Le modalità accertative in presenza di cd. cartiere


 


          Per la Corte di Cassazione, in presenza di una cd. cartiera, l’ufficio non può procedere analiticamente ma deve prescindere dalle scritture contabile e accertare il reddito in maniera induttiva.


          Tale principio, comunque, è stato già fatto proprio dalla stessa Amministrazione finanziaria, con la circolare n. 271/E del 21 ottobre 1997, la quale nell’ipotesi specifica di soggetti emittenti fatture per operazioni   inesistenti, si  è  in  presenza  di  un’organizzazione criminosa diretta a frodare il Fisco, e pertanto invita gli uffici a “procedere nei confronti della  cosiddetta cartiera  utilizzando lo strumento dell’accertamento induttivo, prescindendo  dalle  risultanze contabili che rappresentano delle mere finzioni e mirando all’individuazione dell’effettivo  profitto  tratto dagli   organizzatori  dell’attività  illecita. Ciò in quanto  il procedimento  induttivo consente un’approssimazione  più realistica al reddito conseguito, che normalmente non coincide con  l’ammontare  dei ricavi rilevati”.


 


          Ai fini reddituali,  in  conformità  al principio fissato dall’art. 37, comma 3, del D.P.R. n. 600/1973, non si farà  riferimento ai responsabili legali dell’impresa ma a coloro che hanno effettivamente gestito il traffico delle fatture fittizie, conseguendone un profitto”.
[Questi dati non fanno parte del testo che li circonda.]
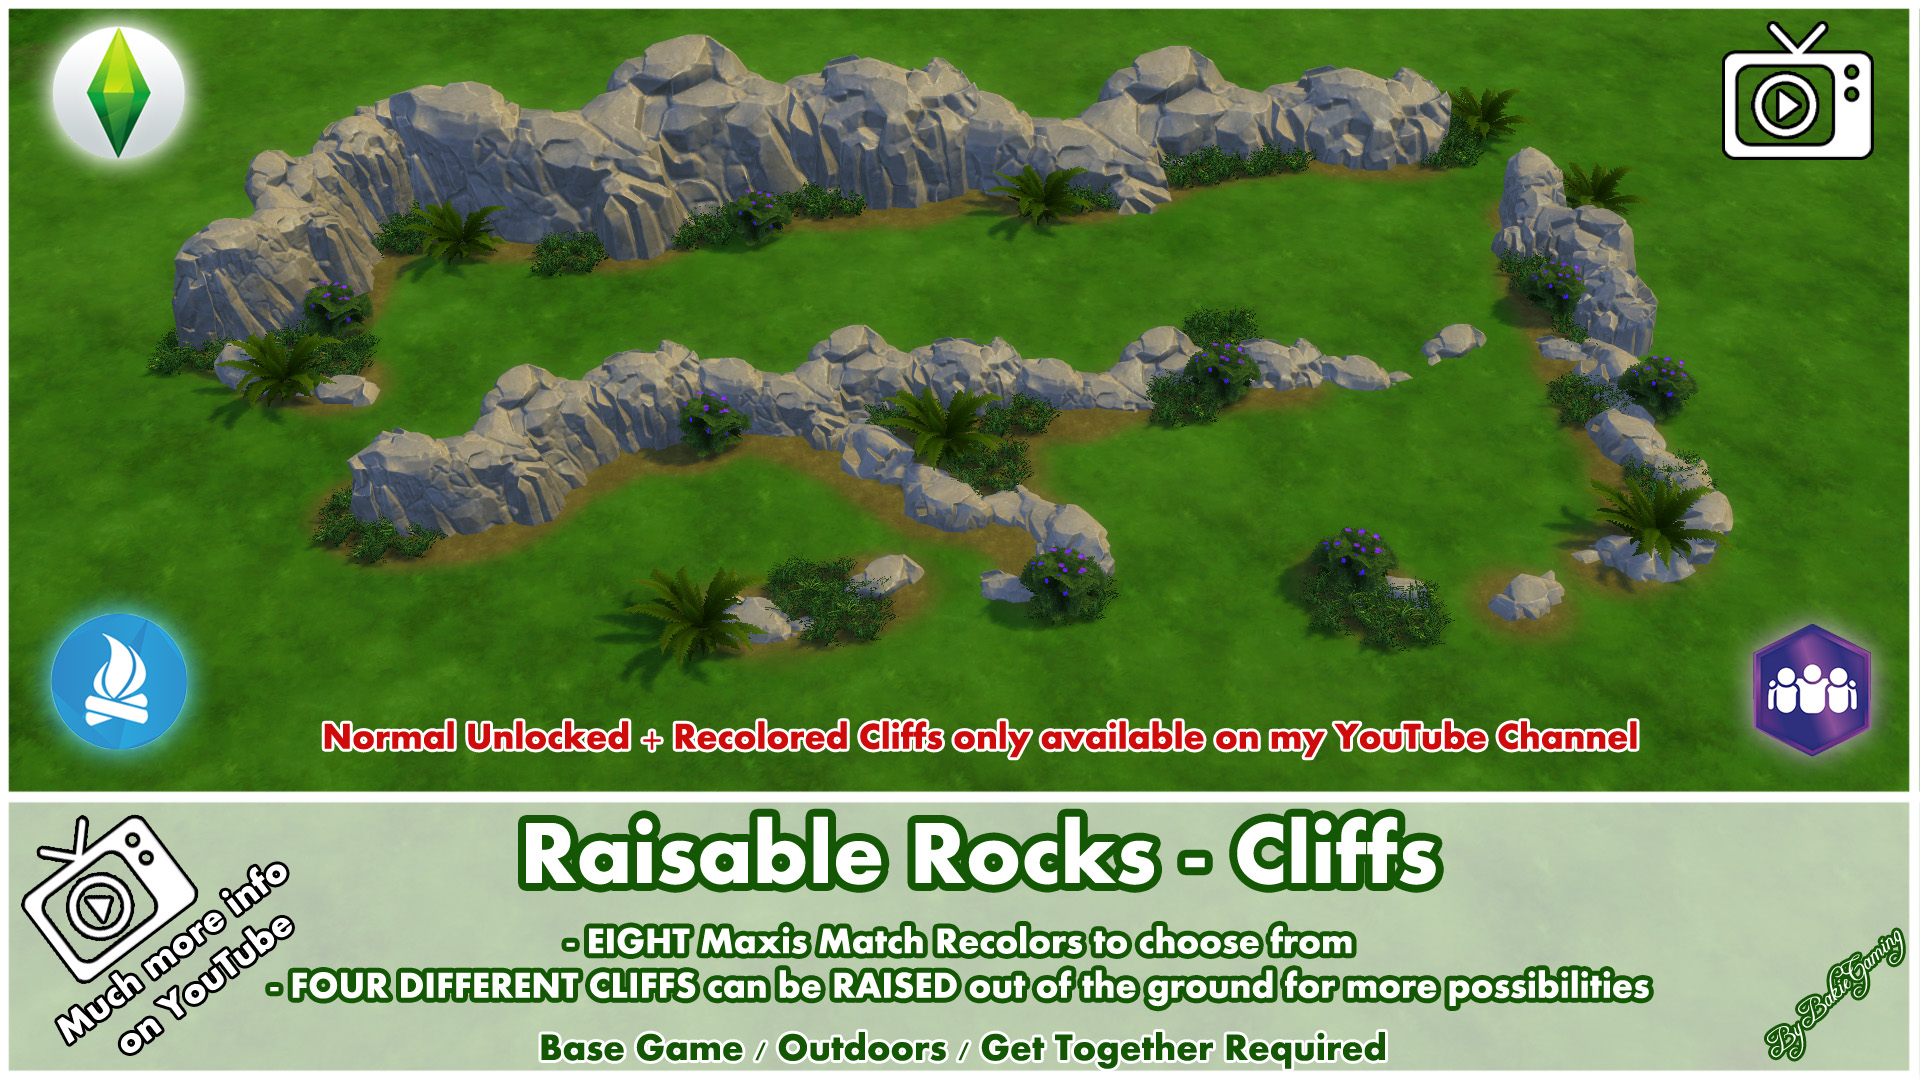 ModTheSims - Raisable Rocks - Cliffs
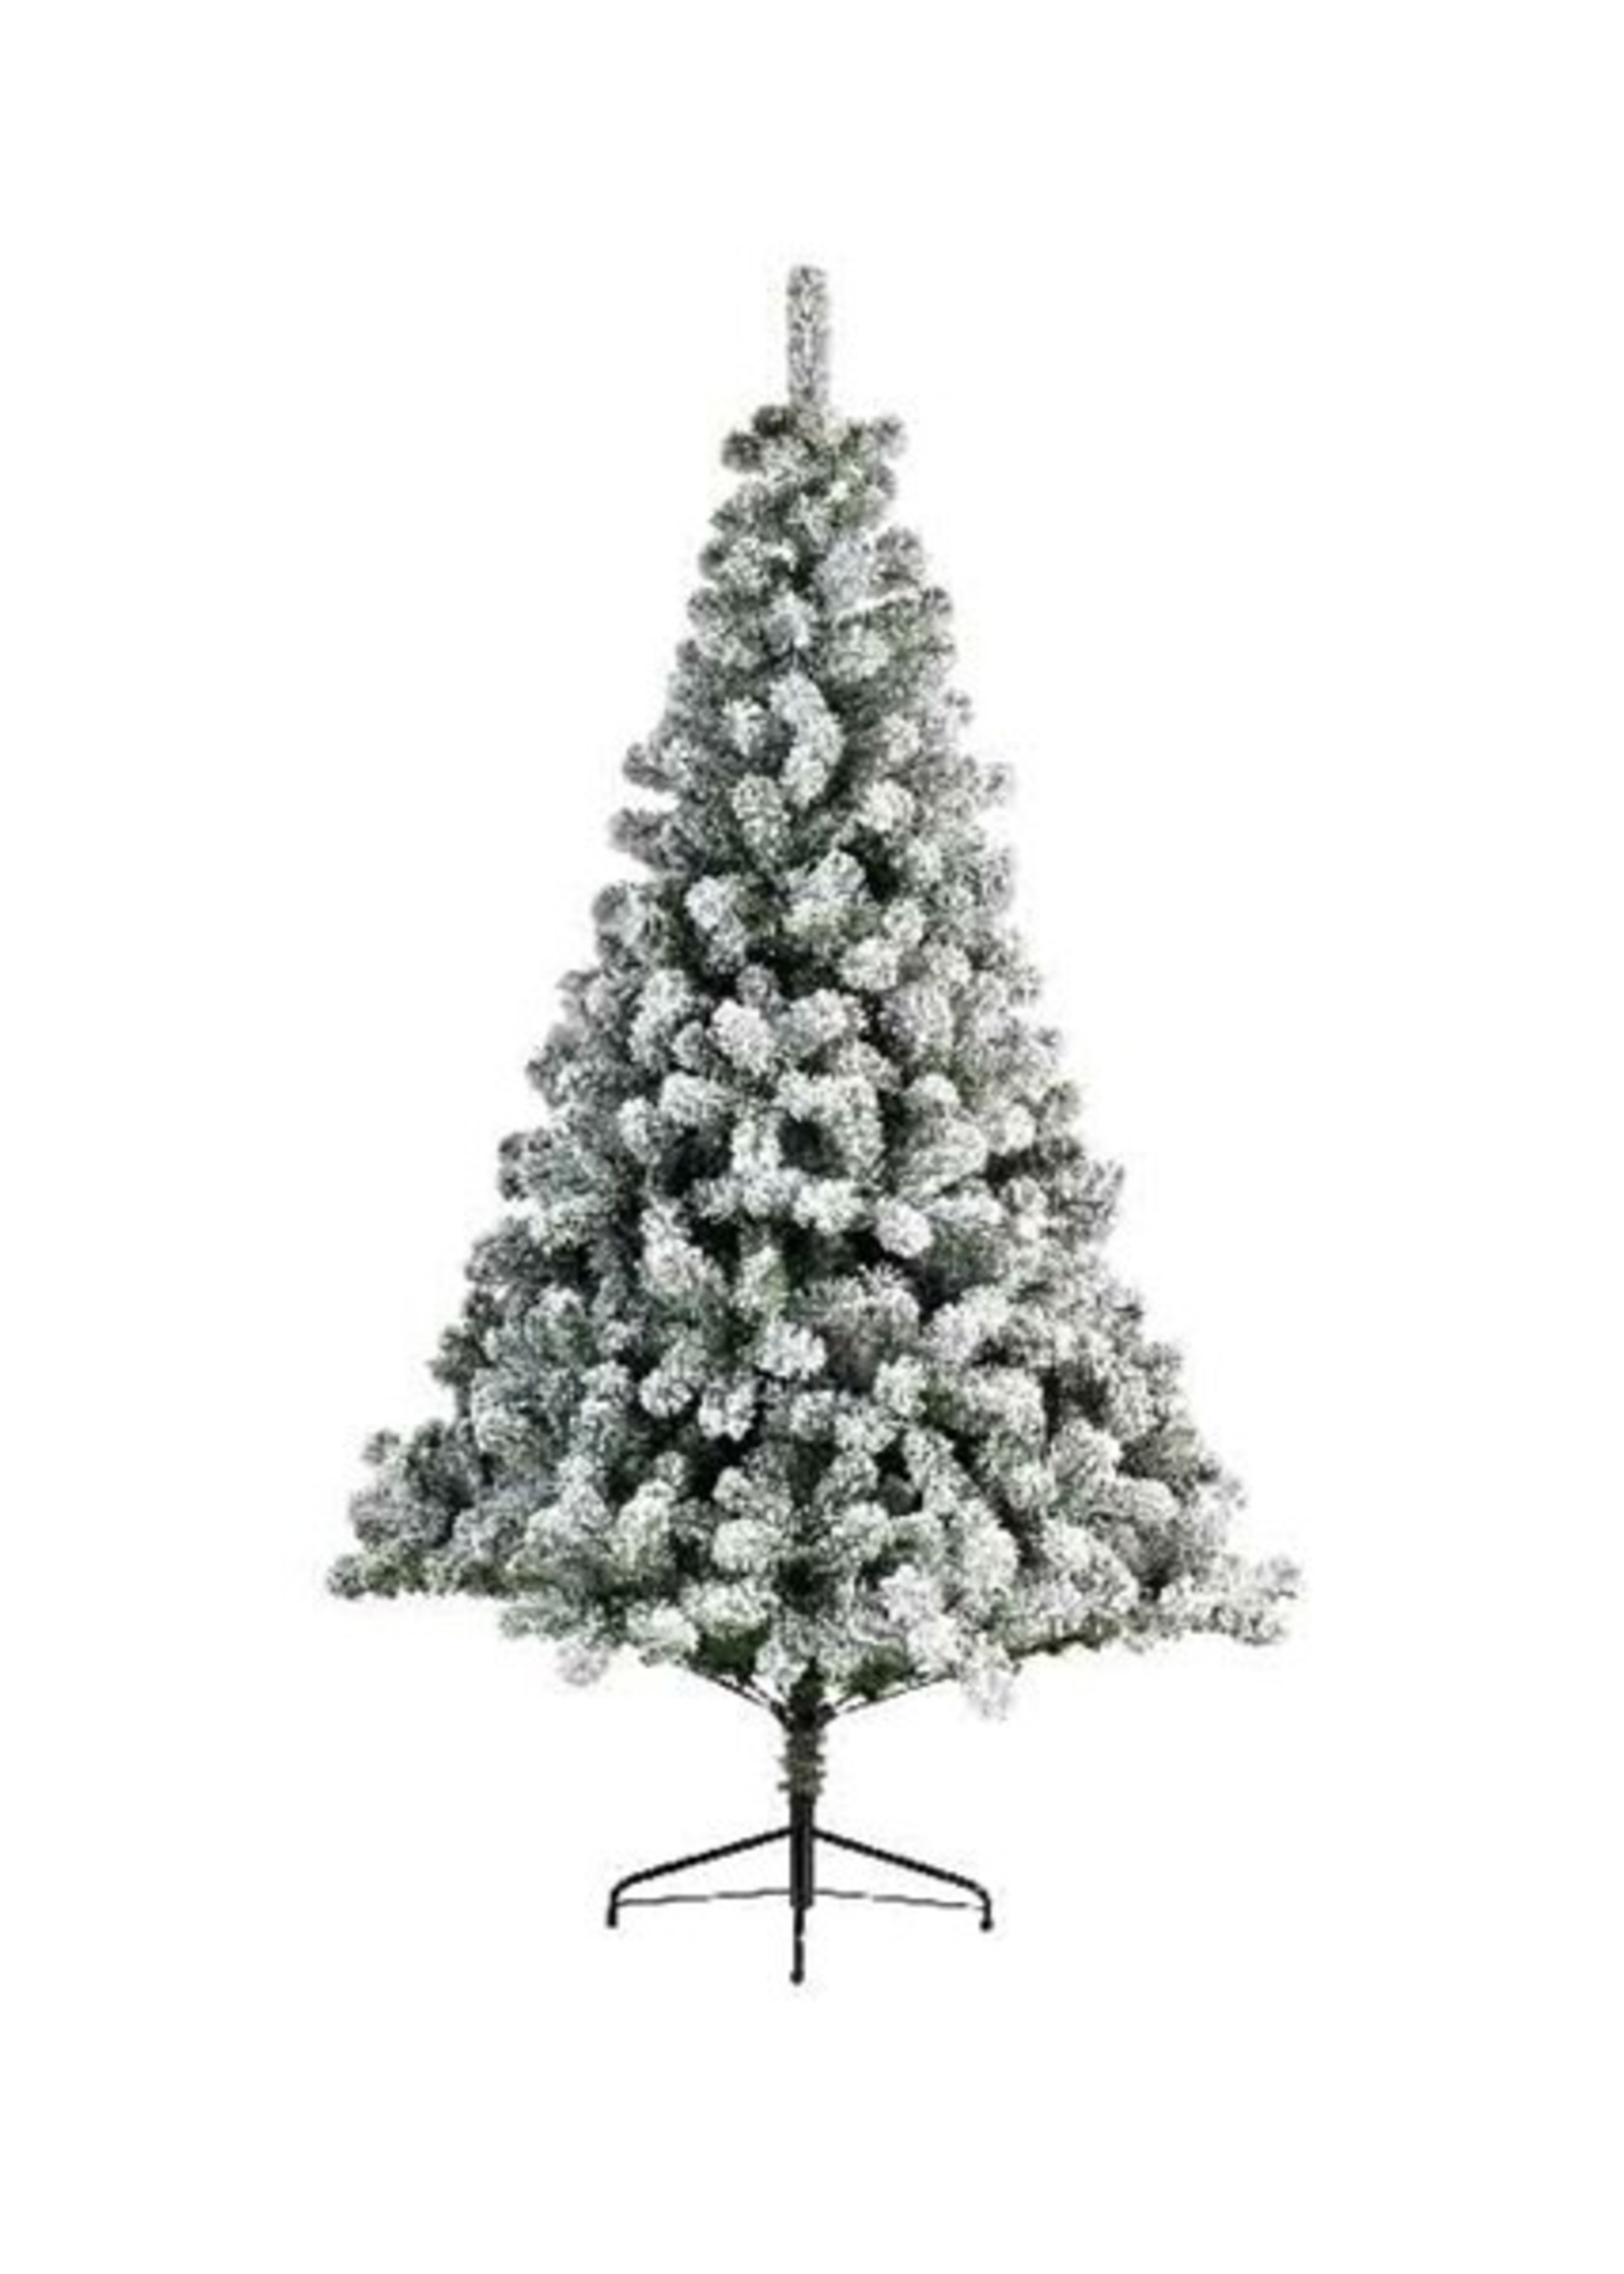 Everlands Kunstkerstboom Imperial Pine besneeuwd 150cm hoog verlicht met 170 geintegreerde warmwitte LED lamp

          Naturalmente, ai fini Iva, per espressa previsione   normativa, confermata nella sentenza in esame, “se viene  emessa  fattura  per  operazioni inesistenti, ovvero se nella fattura i corrispettivi delle operazioni o le  imposte relative sono indicati in misura superiore a quella reale, l’imposta è dovuta per l’intero ammontare indicato o corrispondente alle indicazioni della fattura” (art. 21,  comma  7, del  D.P.R.  26 ottobre 1972, n. 633).


          Si rileva che la stessa circolare n. 271/97 si occupa pure della diversa ipotesi di soggetti utilizzatori di fatture per operazioni inesistenti, distinguendo l’ipotesi in cui le operazioni siano soggettivamente ed oggettivamente inesistenti, al fine  di  esporre  un reddito  inferiore  a quello reale, e l’ipotesi in cui  le  fatture  siano solo soggettivamente fittizie, allo scopo di coprire costi effettivamente sostenuti ma non documentabili.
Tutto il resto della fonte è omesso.